If it’s not “yes”, it’s a no.
We’ve discussed what BDSM stands for, and maybe you’ve found a partner and you’re already to embark on your new kinky adventure? Great! Before you do though, do you have their consent?
We go through our lives giving consent, often without really thinking about what we’re doing or agreeing to . From cookies on your intnernet browser to letting somebody jump in front of us in the line, there are numerous ways that we give consent to others every day. When it comes to BDSM though, consent is even more important.
BDSM VS Abuse
It is often said that in BDSM, one word can stop a BDSM scene, but a thousand words won’t stop abuse. This is because we use safewords, and in doing so, we consent to the BDSM scene going ahead while knowing that we have a safeword we can use if we need to stop. You could use tens, hundreds or even thousands of words to an abuser, but it won’t stop them fropm abusing you. If anything, it’ll spur them on.
What If My Partner Says No?
Then they’ve said no, simple. Yes it might suck, sure you may want to cry about it, but it’s really not okay to shout at them or try to manipulate them into changing their minds. If you shout at them or plead with them then you are manipulating their consent, and that’s abuse.
Making Consent Sexy
One of the biggest challenges that many couples face is how to negotiate consent without making it sound like you’re buying a new house or car. If this is you, then rest assured that from my own experience, I can safely tell you that there are ways you can obtain consent without making it dull. For example, you could say:
- “I’d like to tie you to the bed, would you like that?”
- “If I called you a dirty slut, how would that make you feel?”
- “I’ve been thinking about butt plugs, would you like to try one?”
- “I’ve thought about breath play, does that interest you?”
- “Do you want me to spank you?”
- I would like to start our BDSM session right now, are you ready?”
- “Are you enjoying this?”
- “Would you like me to go faster/harder?”
- “Are you okay?”
- “How do you feel right now?”
Of course, in a BDSM scene then you can add petnames to keep consent engaging and sexy. In fact, your partner may even be more consenting if you do!
Hard Limits & Soft Limits
The BDSM checklist lays out many, many different acivities for you to try, or at least consider. If you think of the checklist a bit like a menu, then you absolutely don’t need or have or try everything on the list. If there is something that you really don’t want to try or do, then this is a hard limit.
But is there something you don’t think you’d enjoy, but might be willling to try once (or do occasionally) for your partner? Those are soft limits.
When it comes to consent, then a Dominant will always respect your limits, and while they might push your soft limits, they will always respect the hard ones. The difference between an Dominant and an abusive partner is that an abusive person will not respect your limits, hard or soft.

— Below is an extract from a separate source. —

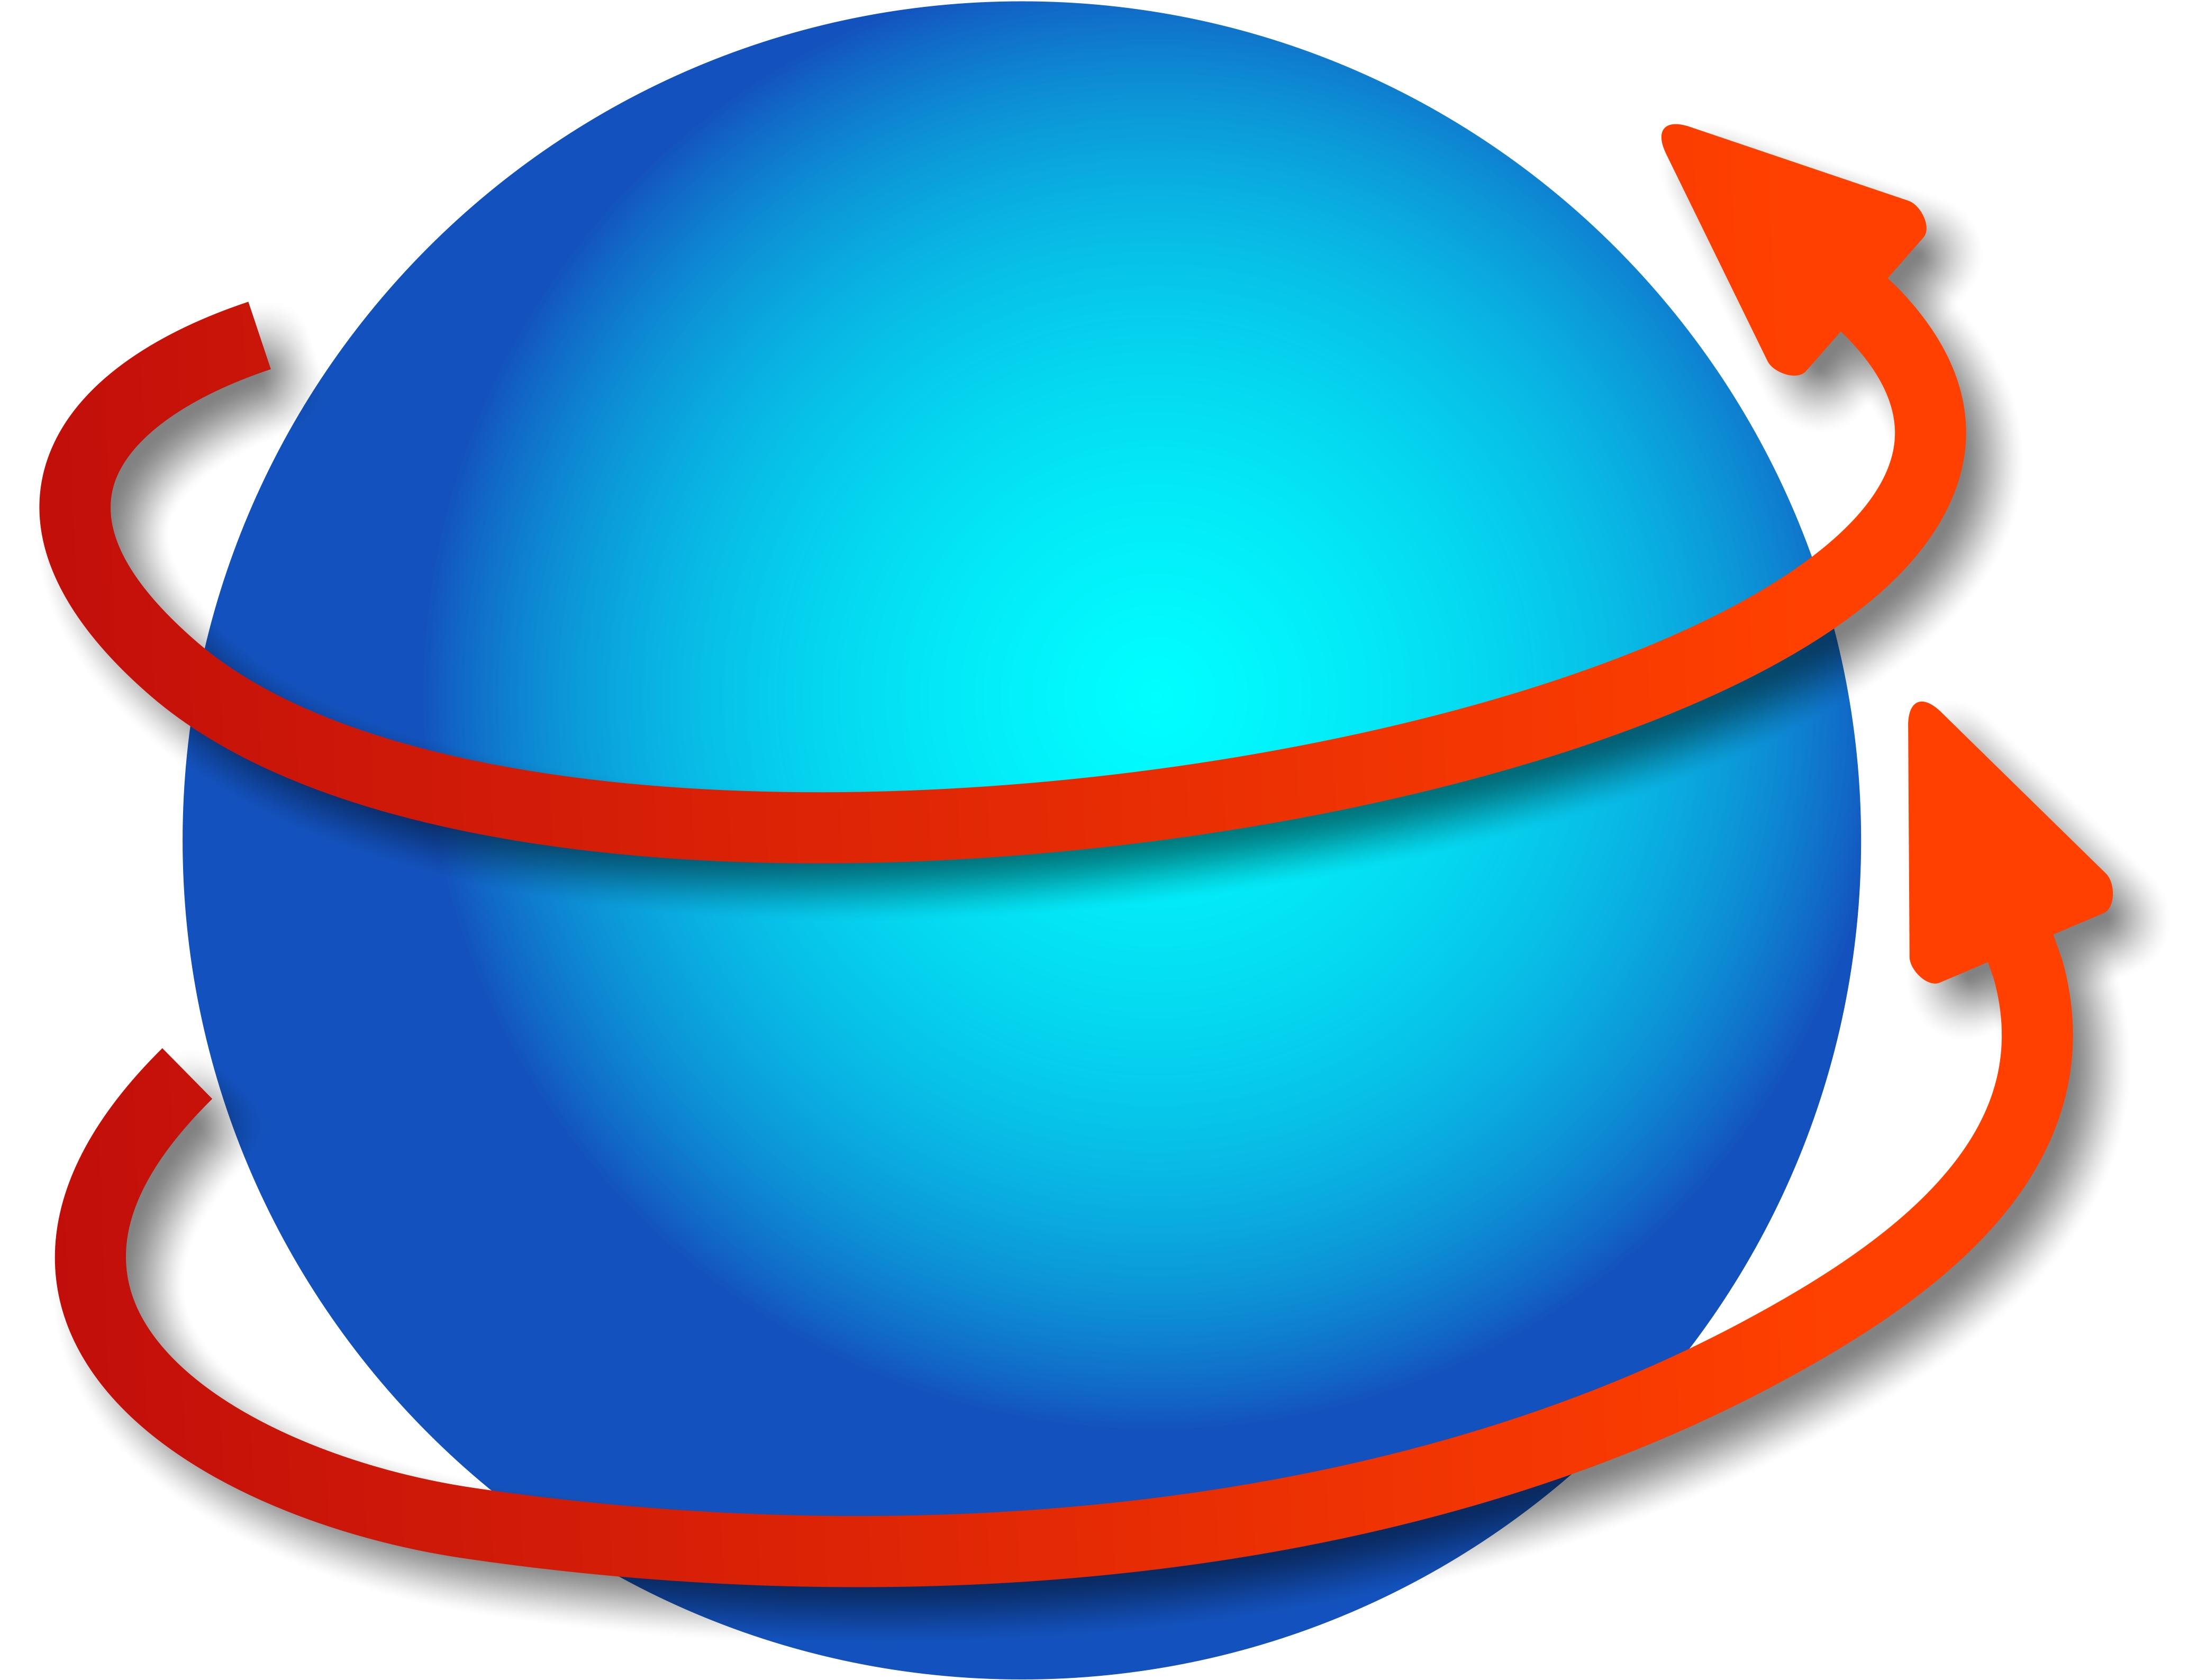 Revolving Globe.

What Is Consensual Non-Consent? How Does That Work?
Is it consent? Or isn’t it? That’s a good question, and while consensual non-consent might seem confusing, there is still consent involved.

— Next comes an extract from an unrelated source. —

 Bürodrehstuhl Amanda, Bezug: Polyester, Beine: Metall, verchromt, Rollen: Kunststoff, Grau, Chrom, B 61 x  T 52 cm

Consensual non-consent is a kink that involves acts like rape play or kidnap and interrogation scenes. In these sessions, it is important to understand that consent is given beforehand, sometimes even days or weeks before. Moreover, a safeword is still used.

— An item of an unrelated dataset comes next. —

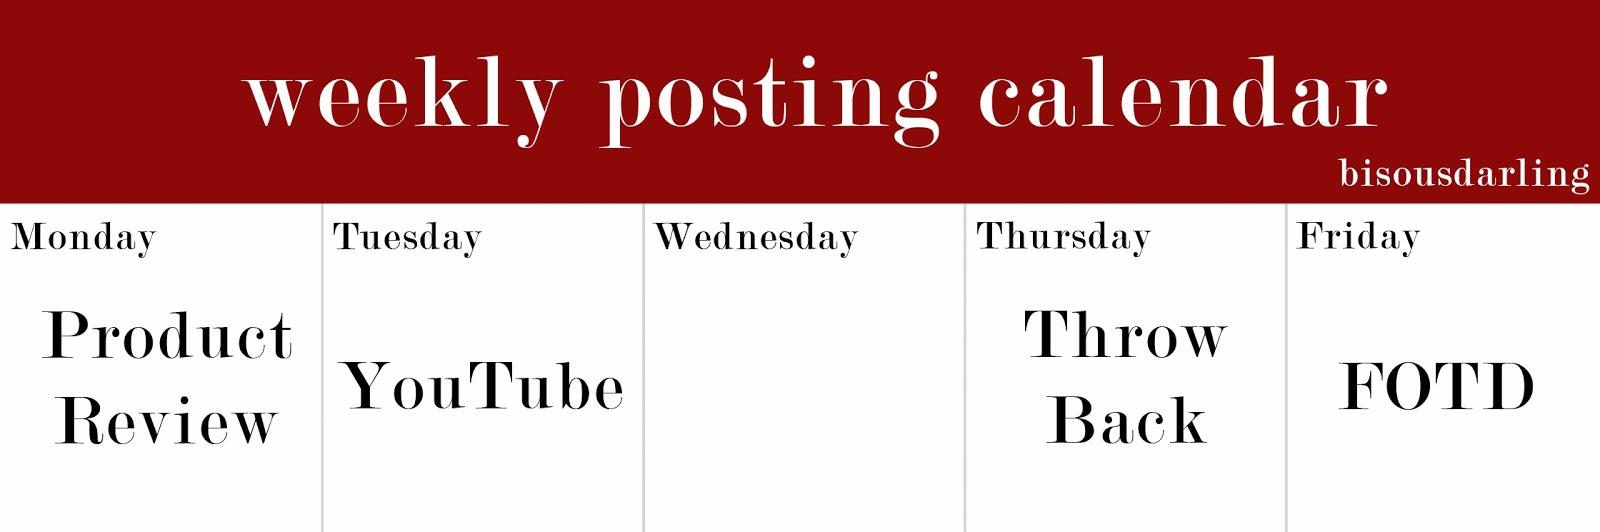 Weekly Calendar Update : Bisous darling weekly posting calendar update

I Saw Something That Looked Abusive At A BDSM Club, Should I Report it?
The truth is, not always. It is important to realise and understand that all BDSM scenes are based on consent, and while it might not look like something that you’d enjoy, it may be an incredibly hot scene for those involved. I’ve seen things in my time that I wouldn’t enjoy – including needle play and cutting – and while it’s not for me, it’s important to understand that those who practice these kinks are probably thoroughly enjoying themselves.
If somebody seems genuinely distressed or you’re concerned that a scene might not be safe, then you can have a quiet word with a Dungeon Master, but never, ever interrupt with somebody else’s scene. If you wouldn’t want somebody else intterupting your kinky play, please don’t do it to others.
We hope you find this post helpful in negotiating consent for your kinky play. Don’t forget, if you don’t have consent, don’t continue!